NAMIC: States Seem Amenable To Less Regulation
NU Online News Service, Oct. 6, 10:18 a.m. EDT?States seem to be growing supportive of less intrusive regulation of insurance, especially as it deals with setting rates, a National Association of Mutual Insurance Companies official told securities regulators.[@@]
NAMIC Senior Vice President for State and Regulatory Affairs Roger H. Schmelzer said another "underreported" major trend in insurance public policy is "a subtle shift of power" from regulators to state legislators with respect to where insurance public policy originates."
Mr. Schmelzer made his comments at the annual meeting of the National Association of Securities Administrators Association (NASAA), held in Scottsdale, Ariz.
"There is an emerging consensus that insurance regulation should not impede marketplace competition," Mr. Schmelzer said, pointing to legislative action in numerous states over the past several years to liberalize rate-making laws.
"States such as New Jersey and Louisiana have watched their markets shrink and have actually done something about it." He noted that Reps. Mike Oxley, R-Ohio, and Richard Baker, R-La., chairman of the House Financial Services Committee and its key Capital Markets Subcommittee, respectively, "have even recognized open rating competition in their initial draft of the SMART bill (the State Modernization and Regulatory Transparency Act)."

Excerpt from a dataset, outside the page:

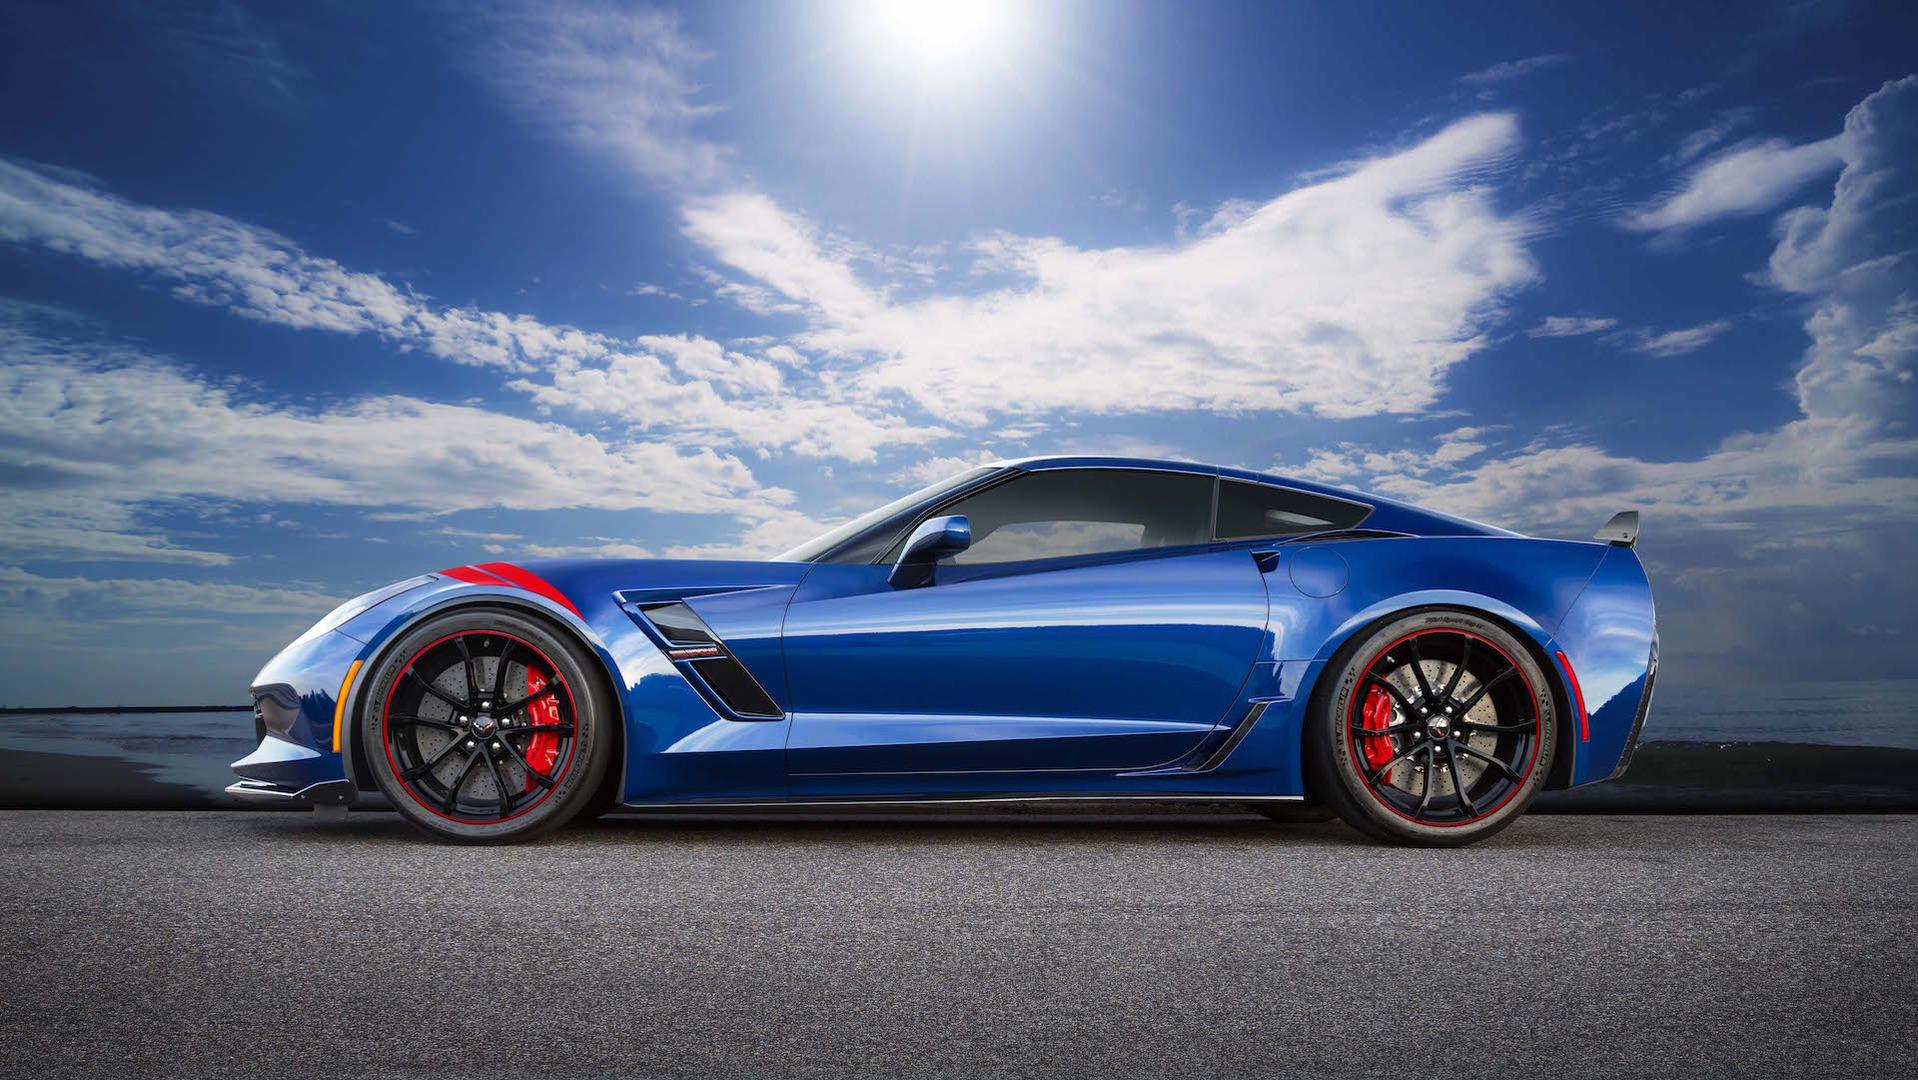 Chevrolet Corvette Grand Sport Heritage Edition

Regarding the perceived shift in power from state regulators to legislators, Mr. Schmelzer said, "Legislators now embrace the reality that they set public policy in their states and insurance regulators administer it."
He cited efforts of the National Conference of Insurance Legislators (NCOIL) to create model legislation on commercial and personal lines rate modernization, portions of which are now law in 24 states, as well as a recently approved market conduct model that has been endorsed by the National Association of Insurance Commissioners (NAIC).
He also took note of the work of NCOIL to approve model legislation on credit-based insurance scoring, saying that the NCOIL model is now law in 24 states.
While not commonly thought of as reform, Mr. Schmelzer said it "is tangible evidence that states are taking responsibility for their regulatory environments. This is what they need to be doing and not a moment too soon."